The upside of Autumn rain
Rain, rain and more rain today. I’m a fair-weather walker, so haven’t braved it today, but I’m hoping that the upside of the rain will be that we’ll see some more fungi about. The mushrooms we see above ground are the fruit of the fungus; the ‘body’ of the fungus is underground, an often vast network called the mycelium, which is composed of tiny white strands called hyphae. The fungus will only produce fruit when conditions are optimal, and that means damp. This got me thinking about why fungi like it damp, so I did a little reading on the subject.
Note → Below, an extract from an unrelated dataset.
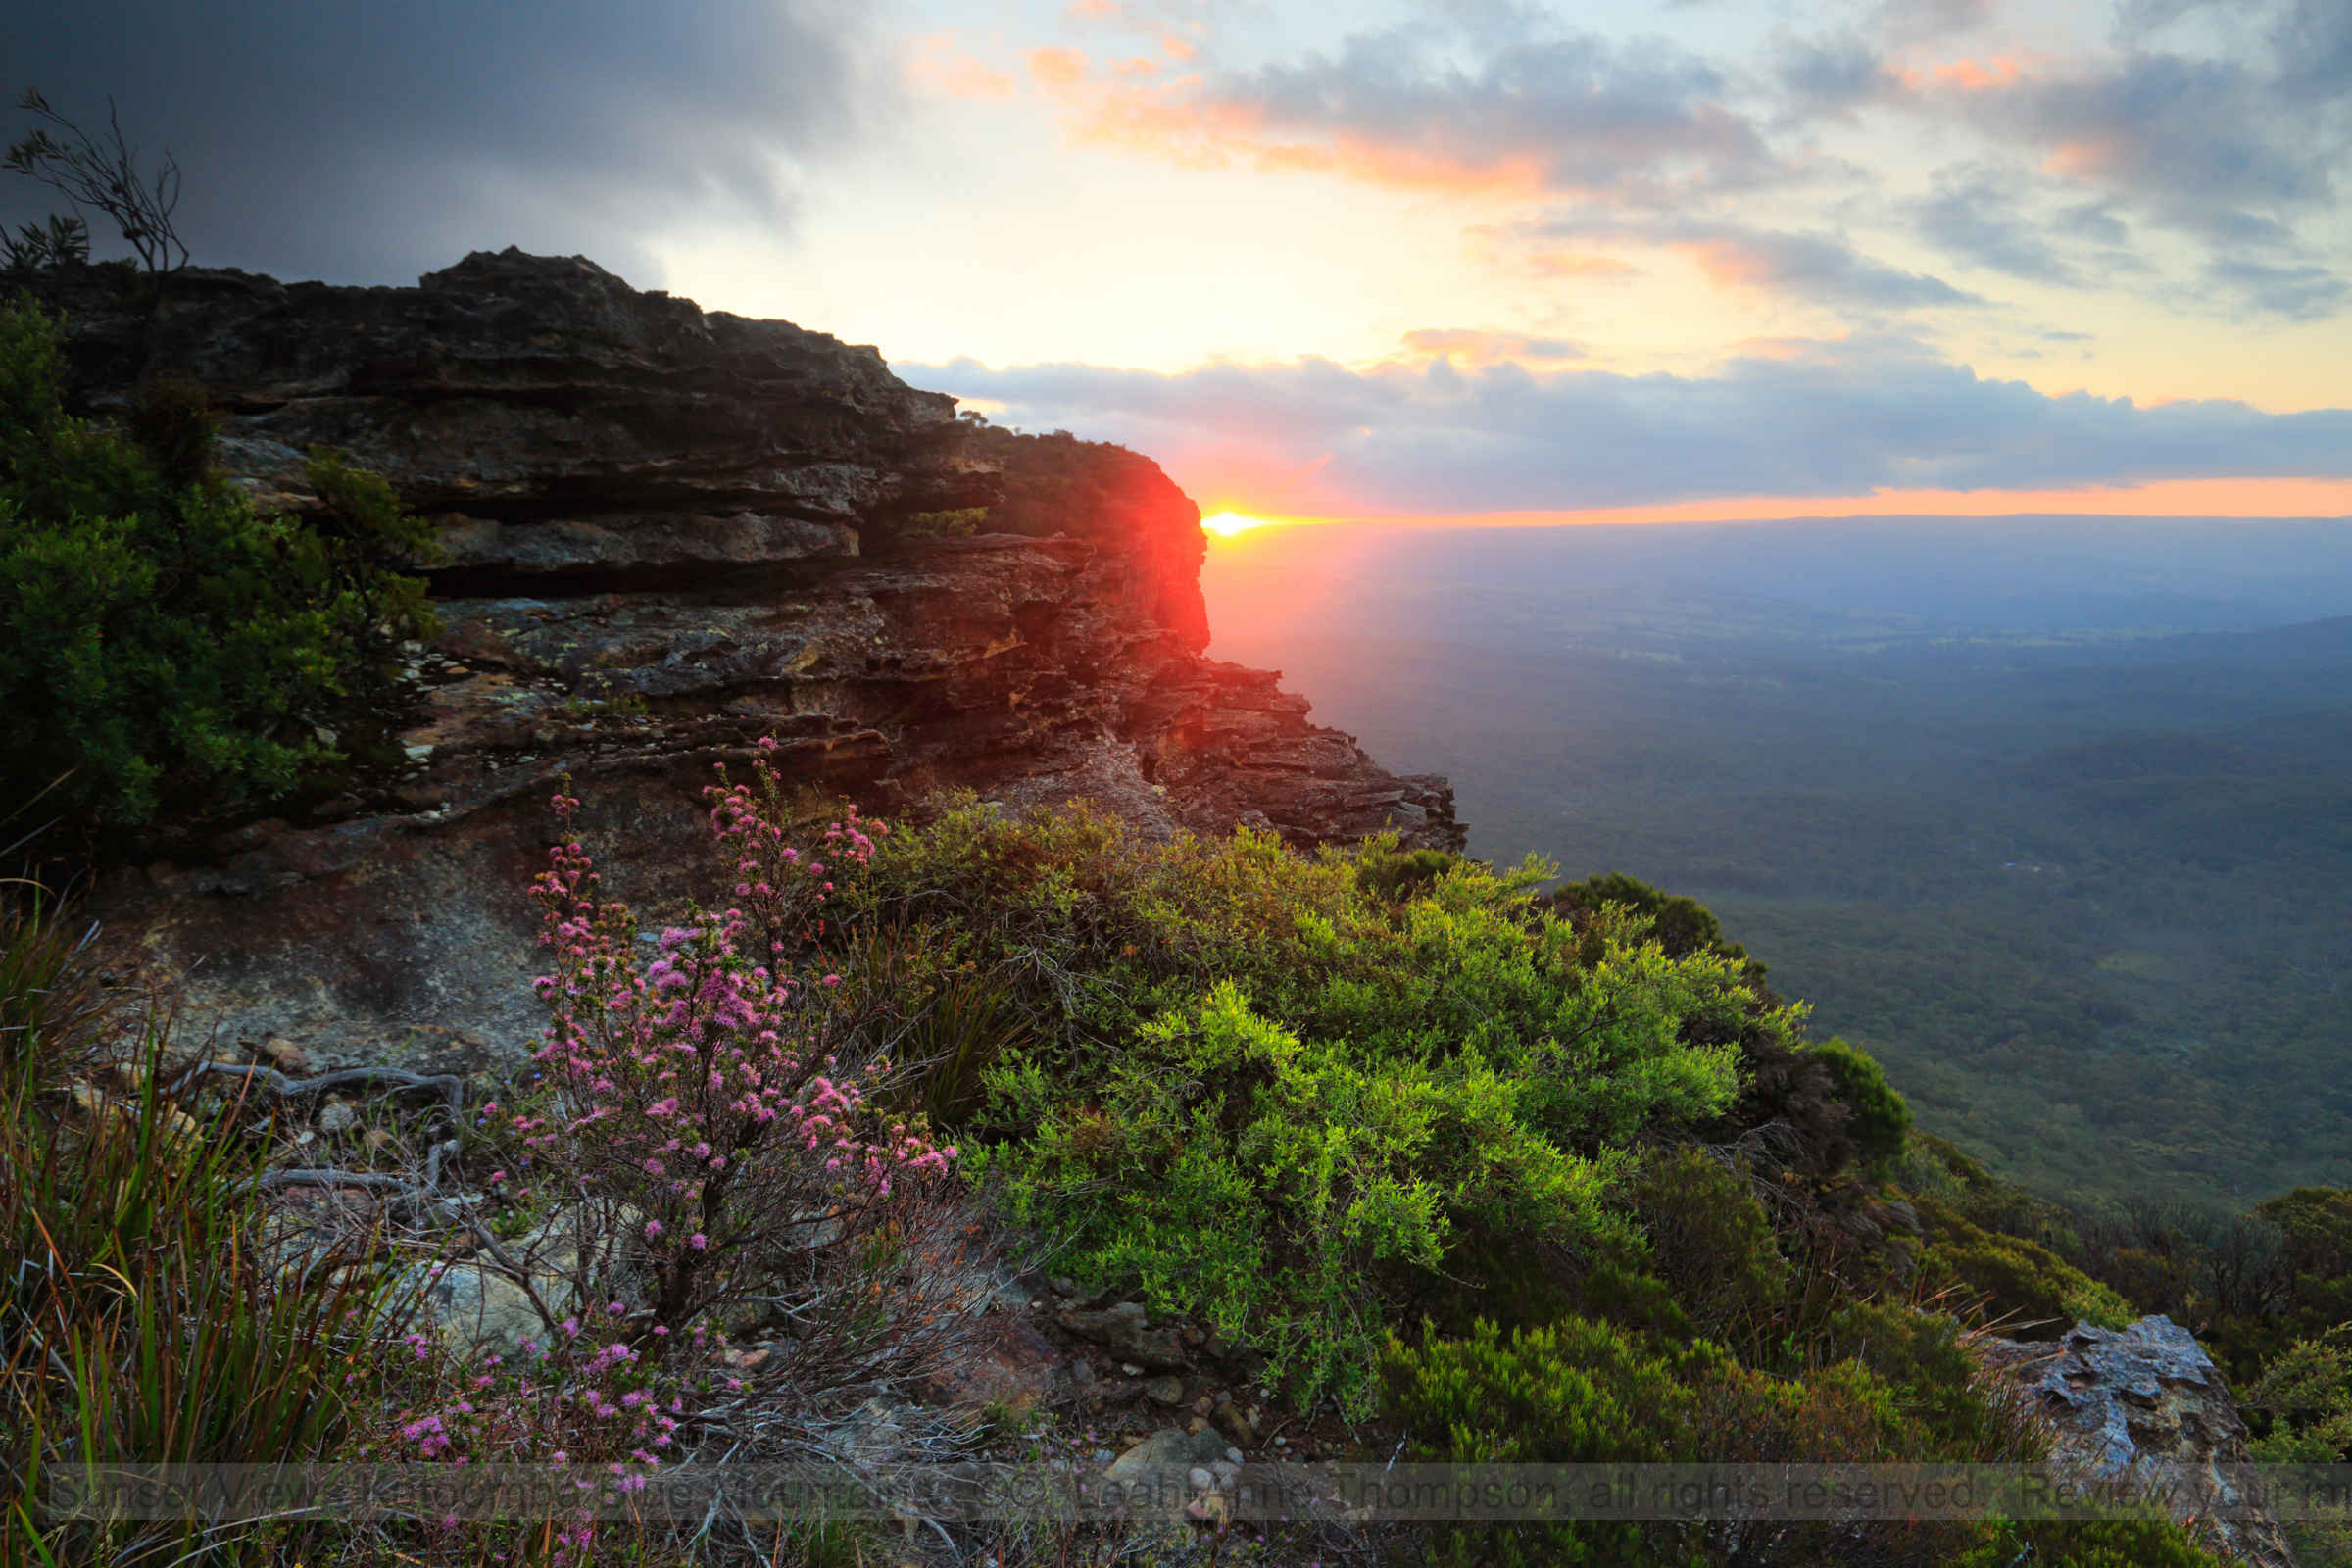 Sunset Views of the Megalong Valley from Katoomba

As I said above, the body of the fungus is a network of microscopic strands which exist within the substrate from which they feed; so that means soil, wood, leaf litter, dung. Because there is such a large surface area exposed to the substrate, the mycelium is very vulnerable to damage and dehydration. That’s why they need to be kept nice and moist. So to expend the energy that reproduction requires, the fungus wants to be in good condition itself, with good environmental conditions to match.
To produce a fruit body, areas of hyphae start to converge (rather than diverging as they would normally do). They bunch together and the cells begin to differentiate as they prepare to become something new. Amazingly, by the time the fruit body is less than 1mm long – a fraction of the size of a mature specimen – all of the main component parts of the mushroom, such as the stem and cap, are already formed and in place.
The structure and form of a plant, animal or fungus does not develop all at once. Cell differentiation takes place in stages, with each previous differentiation determining the next, as the cells follow certain morphogenetic pathways. Chemical signals – hormones, growth factors, morphogens – within the organism tell the cells what to do, where, and how much, in order to form specific tissues.
What is most surprising, is that once the fruit body is a ‘mushroom’ or ‘toadstool’ that we would recognise as such, its incredibly rapid growth to maturity is not down to cell proliferation, as it would be in a plant or animal. The cells actually inflate, allowing much faster growth. I’ve spent all evening reading, trying to find out what they inflate with. Air? Water, as suggested by one site (not a scientific one)? There is mind bending scientific detail about every other stage of the process, then they just say “the hyphae inflate”. Aaarrghh!